The pandemic, amongst other things, caused work-based relocation globally to slow down in 2021. However, it should certainly not be off the cards for businesses when it comes to recruiting new talent. In Finland, we actually saw an uptick last year – with the Finnish Immigration Service receiving more applications for a residence permit on the basis of work than ever before. During the pandemic, remote working became the norm and with it, we quickly realised that working from anywhere can be possible with the right infrastructures and processes in place. For example, in Finland, the ICT and technologies companies are multinational and multicultural, with more and more employers investing in diversity and multicultural training. This has allowed Finnish companies to hire ICT specialists in India and other countries, by finding solutions where the new recruits start working remotely, or if the company has an office or subsidiary in India, the role has started there.
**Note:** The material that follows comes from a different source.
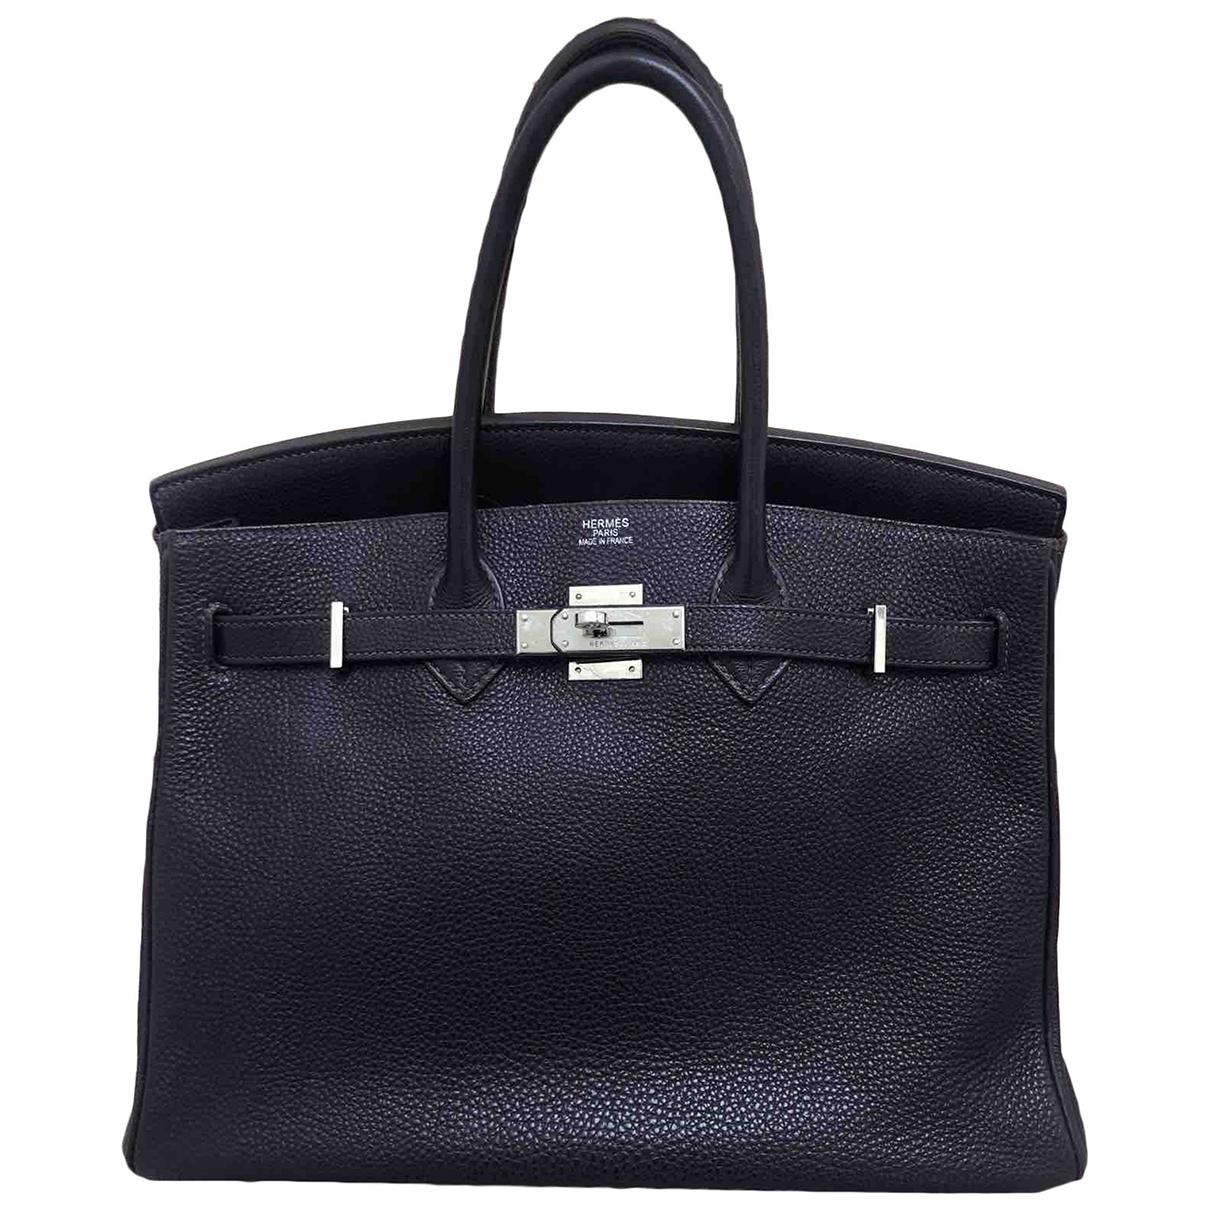 Hermes - Sac a main Birkin 35 pour femme en cuir - violet

The Finnish government, chambers of commerce,  trade associations and cities are also encouraging companies to recruit international talents. They are making it easier by making training, services and funding available for companies, which take steps in hiring international talent. In addition, the government is making changes to legislation and speeding up the work permit and residence permit process, to fulfil the demands of the industry sectors.

The pandemic boosted digitalisation in every sector: remote working, digital schooling, online shopping, digital healthcare services, just to name a few. And this has increased the demand for automated services and software development across the globe. When it comes to hardware, the disruptions in the global value chain have resulted in a search for new channels, the application of new solutions and rapid automation. Today the opportunities for businesses in tech to grow and innovate are immense but it can only be successful if people are put at the heart of these growth plans.

By focusing on employee wellbeing, collaboration and thinking outside the box on how to attract global talent, the tech industry – and the businesses that operate within it – can stand a chance in today’s innovation race, where competition is hotter than ever.